TASK OBJECTIVE –
Using the listing below, please print exactly the lines from the one with "09ec9cc154 New Gucci" through the one with "Levi's 505c牛仔裤". Leave out every picture.

DATASET CONTENT –

===============

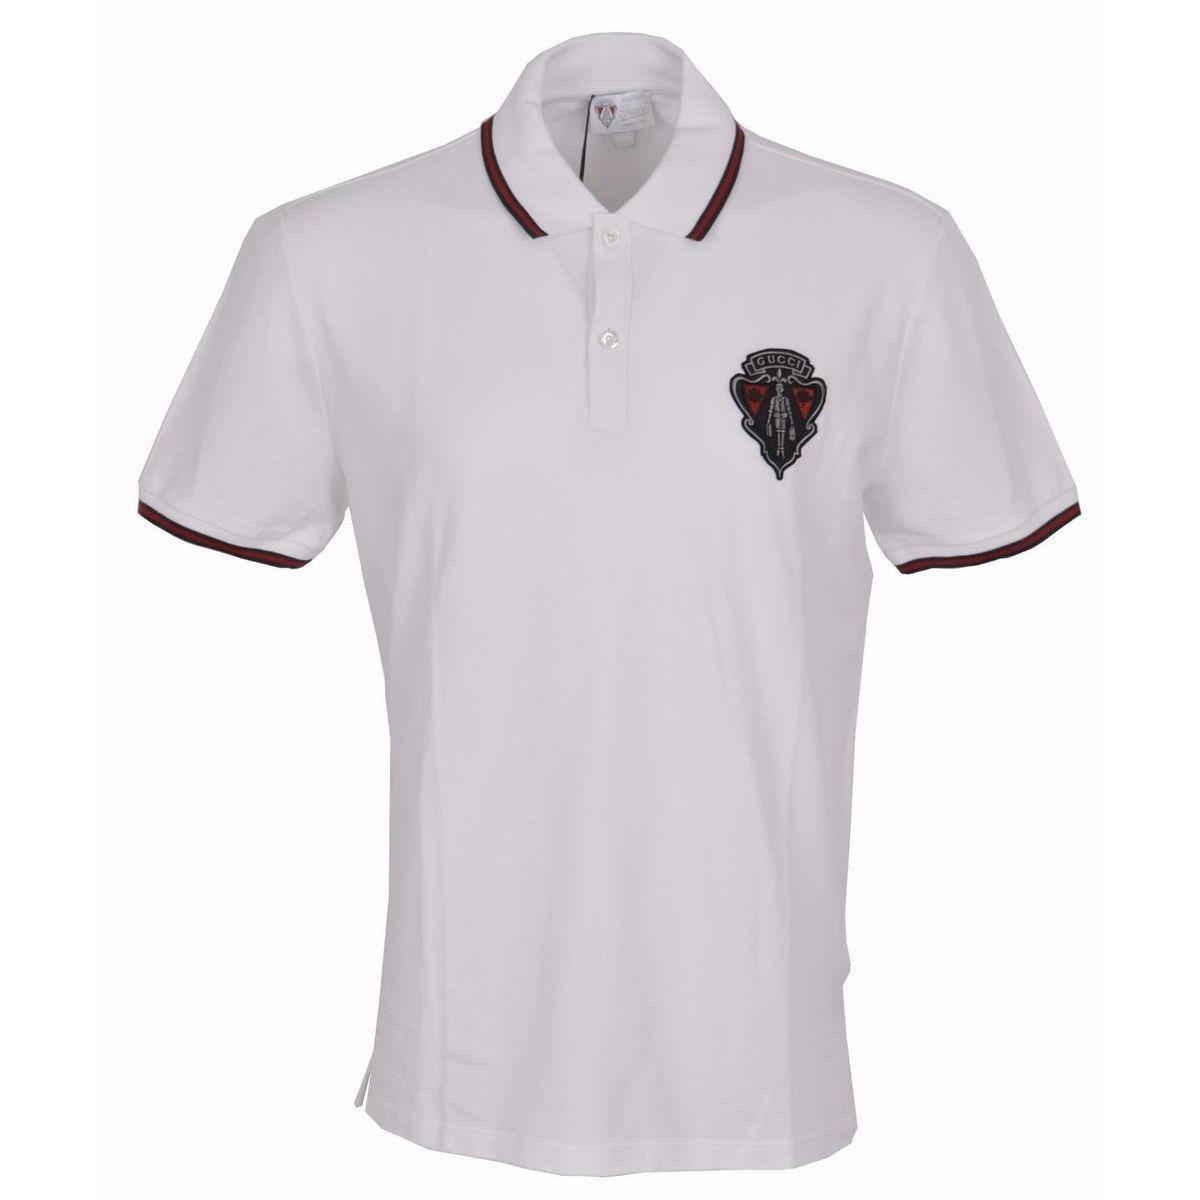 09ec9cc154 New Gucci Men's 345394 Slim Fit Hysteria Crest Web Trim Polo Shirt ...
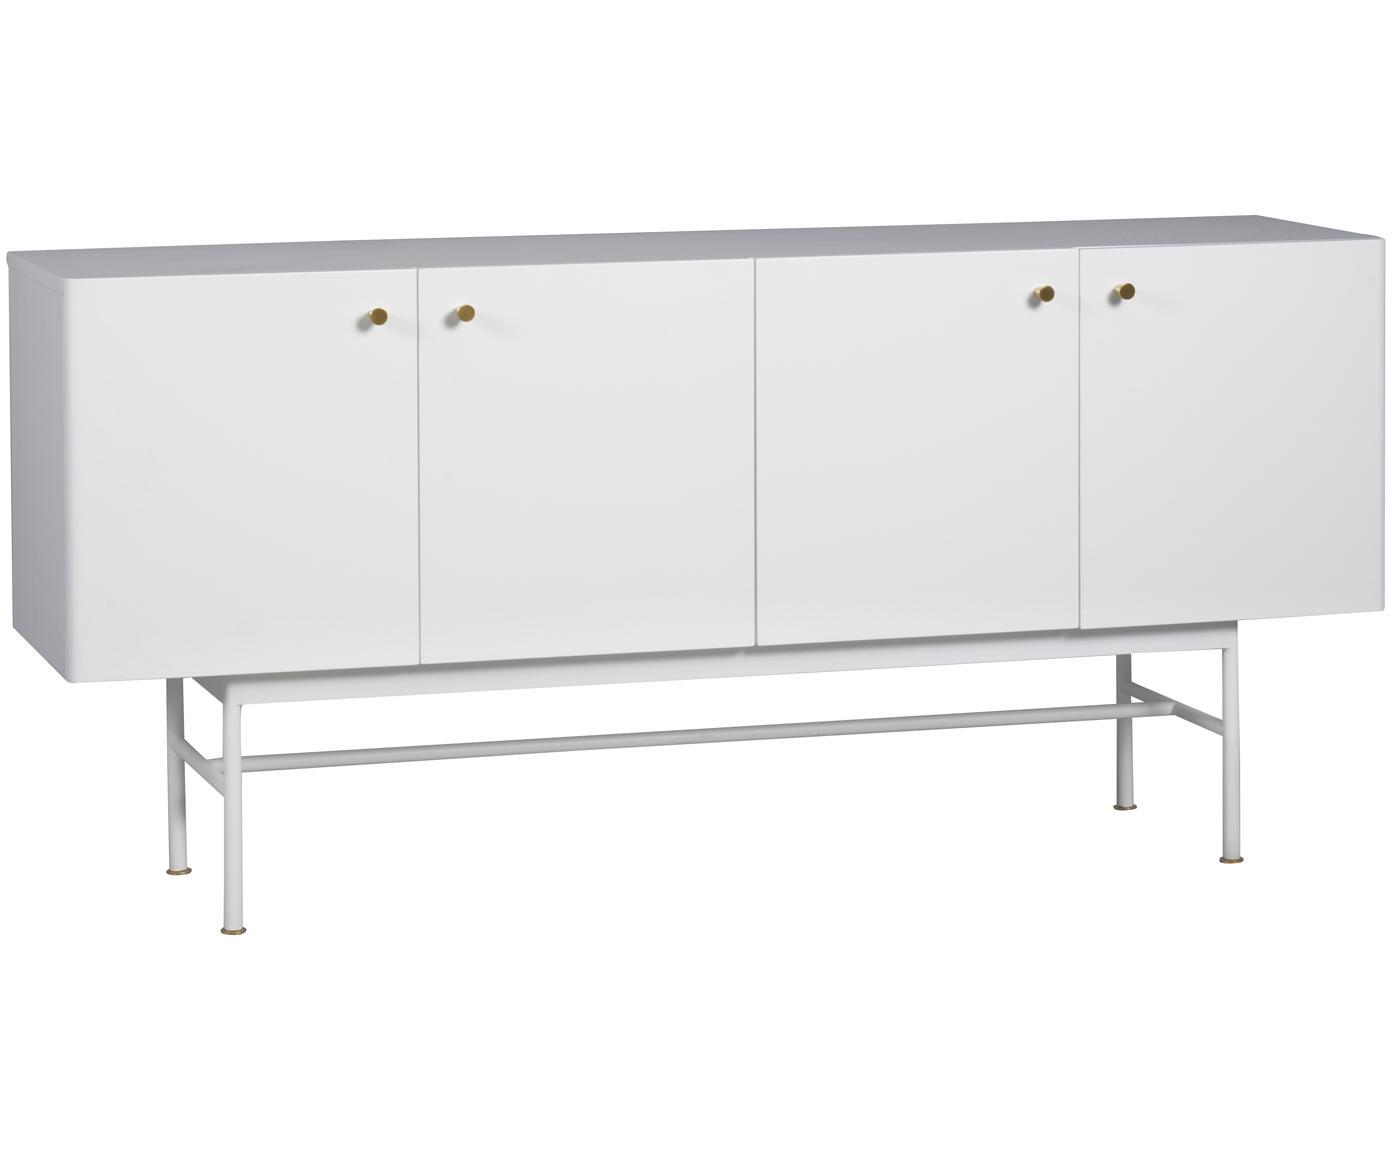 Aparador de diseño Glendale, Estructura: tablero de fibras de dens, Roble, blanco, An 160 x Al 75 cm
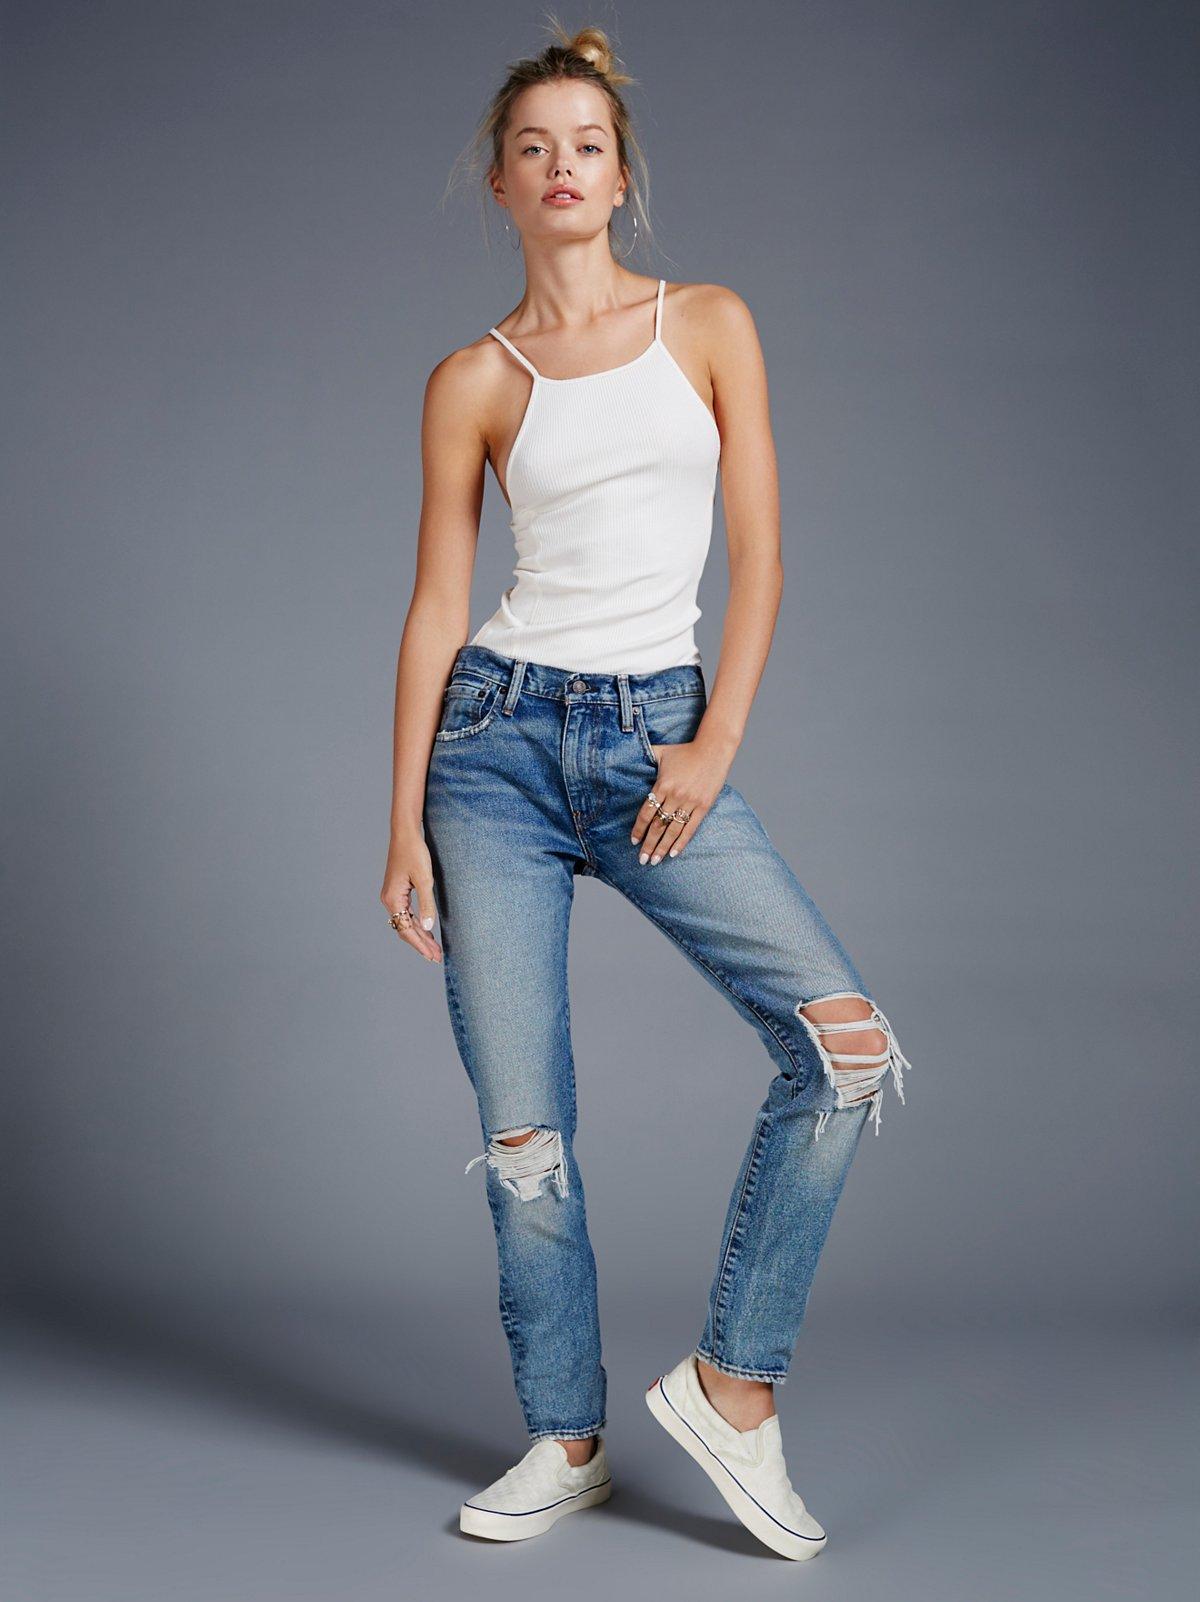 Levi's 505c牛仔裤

===============

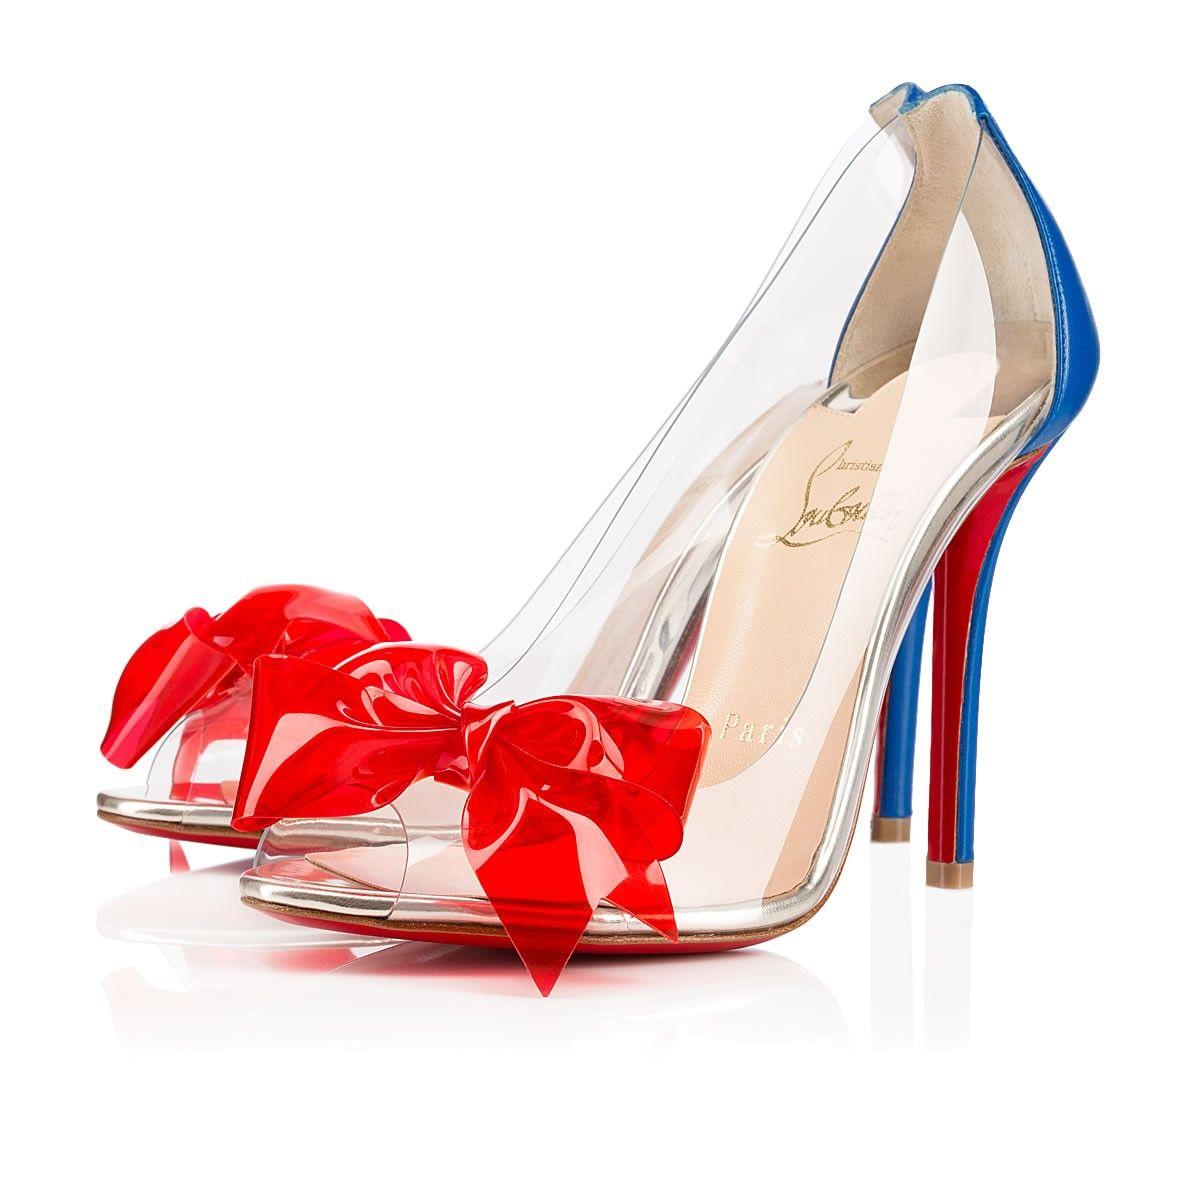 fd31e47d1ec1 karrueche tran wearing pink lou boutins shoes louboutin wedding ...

===============

REPLY TO THE TASK –
 09ec9cc154 New Gucci Men's 345394 Slim Fit Hysteria Crest Web Trim Polo Shirt ...
 Aparador de diseño Glendale, Estructura: tablero de fibras de dens, Roble, blanco, An 160 x Al 75 cm
 Levi's 505c牛仔裤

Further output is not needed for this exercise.